Barbara decided to add a depiction of the animated Disney character Bambi peeping out from behind a tree along with Bambie Thug. She also included ferns and foxgloves and the “sort of things that you find down in any woodland area, all in the foreground.
Barbara said Bambie does a distinctive dance move during the Eurovision performance which she depicted in the mural along with Bambie’s long fingernails. “It was a segment of my imagination sparked by the product.” She continued: “The only bit that I found difficult was the face and the leg.
“I didn’t know how to depict this dance movement… I thought anybody who watched the video would recognise that even if I didn’t manage to get the face right,” she said.

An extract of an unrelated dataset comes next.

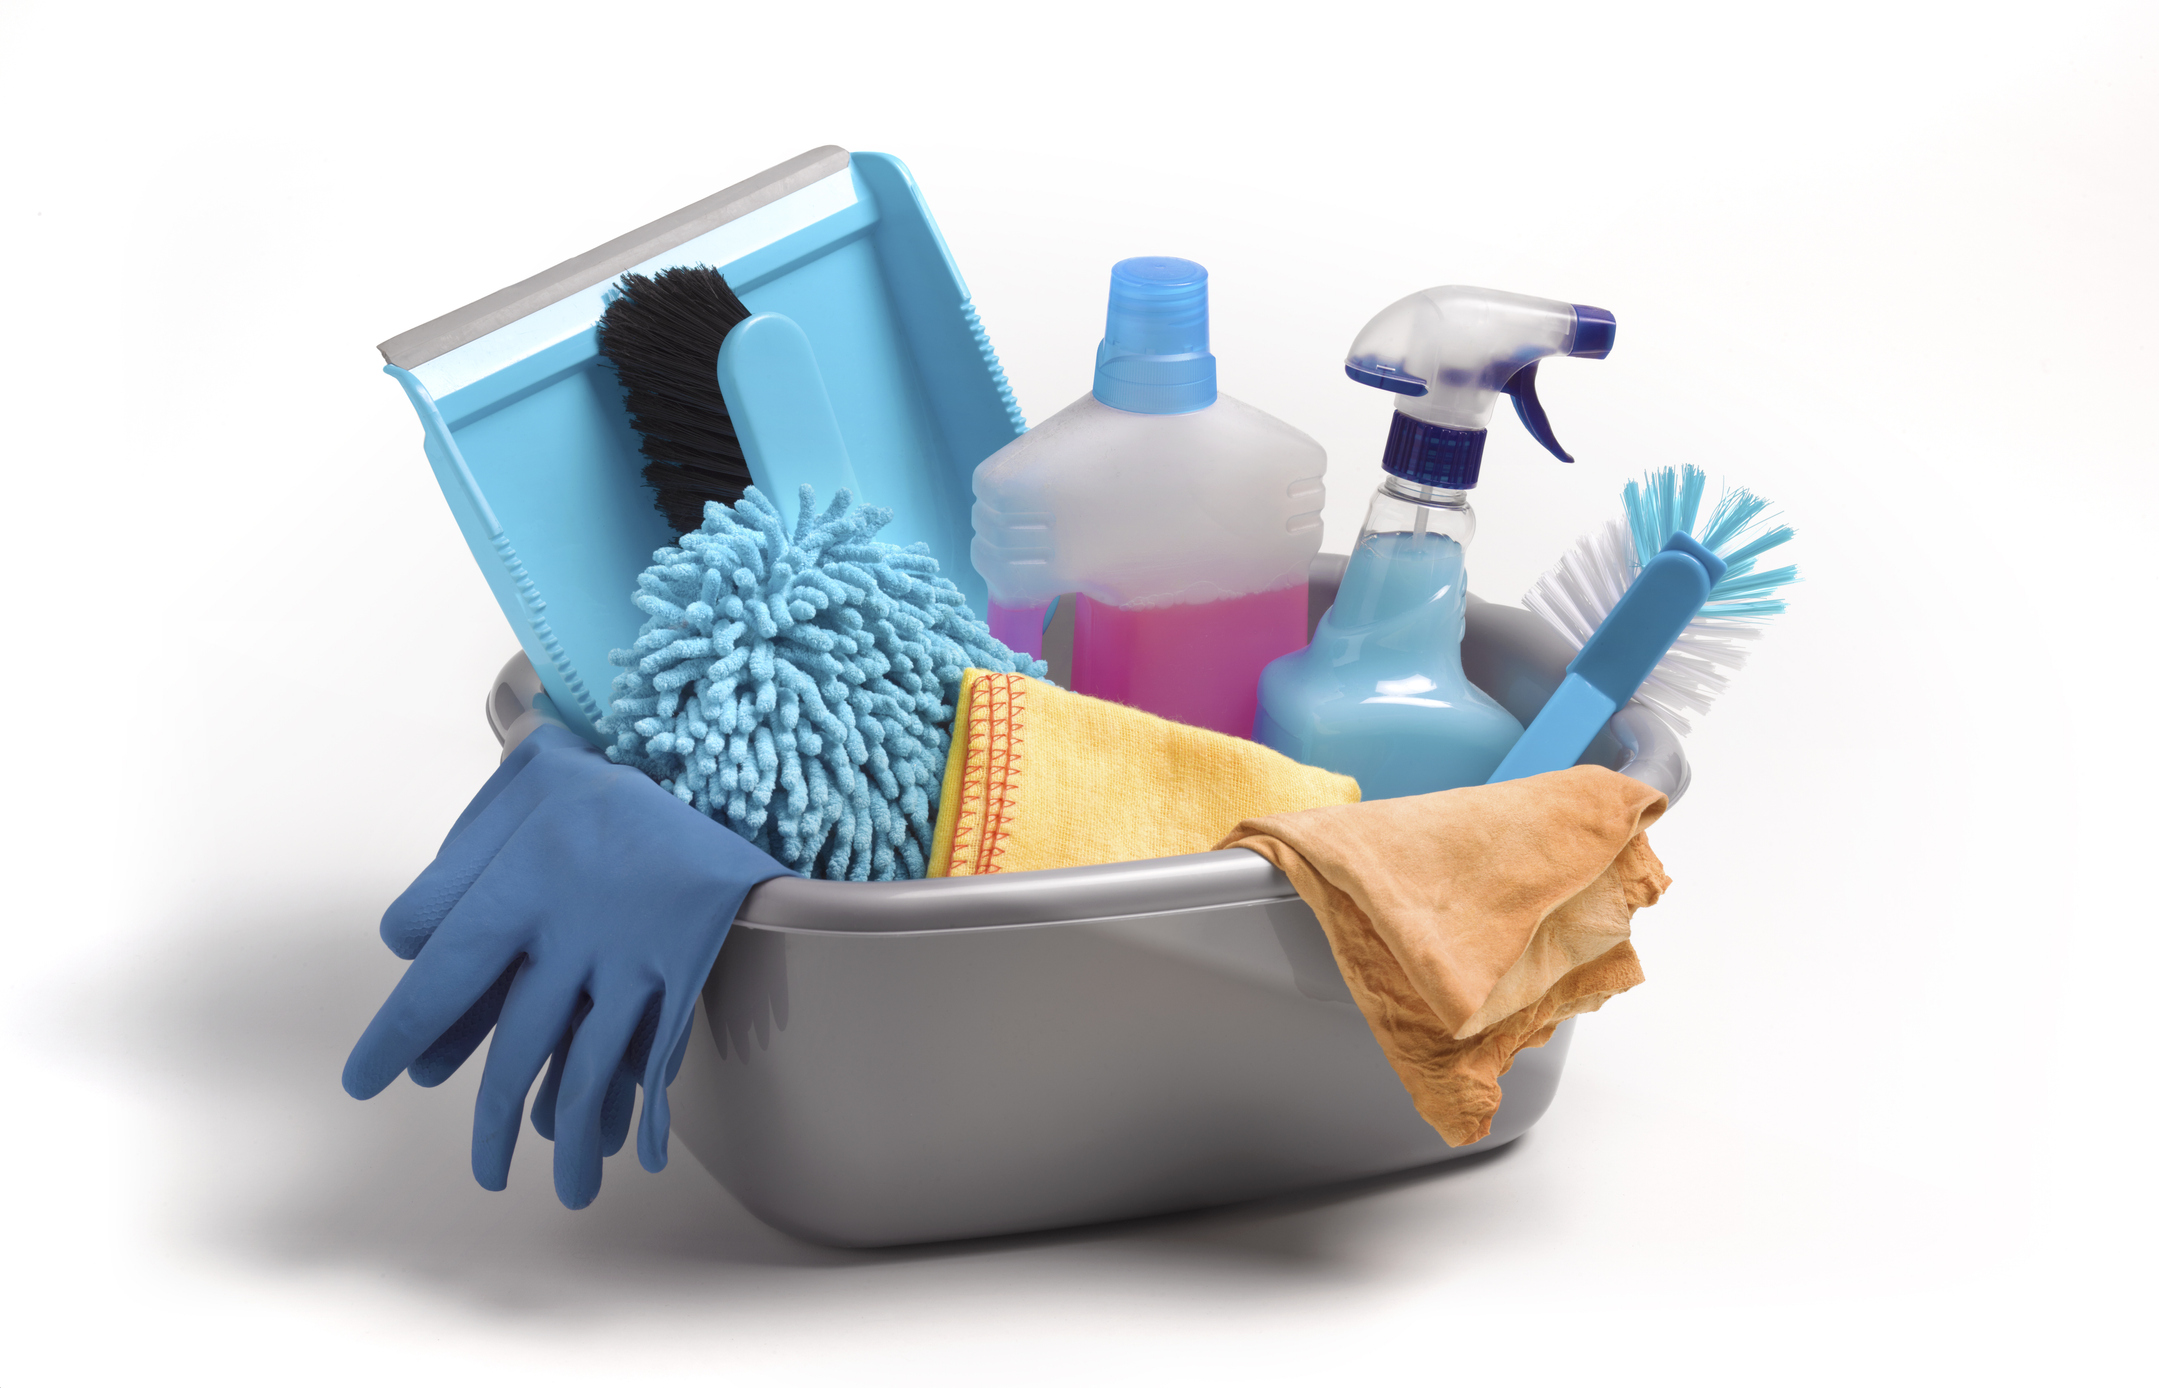 cinco productos de limpieza típicos en las casas españolas que debes evitar, según la ocu

Barbara has appealed to a variety of age demographics by incorporating the visual of Disney’s Bambi for young children and Bambie Thug for teenagers and adults. “You could imagine smaller children identifying with that and saying, ‘Oh, look, that’s out of Walt Disney, the cartoon’.”
Barbara is very proud of the mural and the end result. “It was fun to do and very different to anything I’ve ever done before.
“I realised I was capable of doing it, I was capable of trying to get a feel for depicting something without being meticulously correct and conservative and that’s rather nice when you’re almost at your 79th year to turn around and be able to do something like that. “It’s very liberating,” commented Barbara.
She describes herself as a representational artist and she paints landscapes and portraits.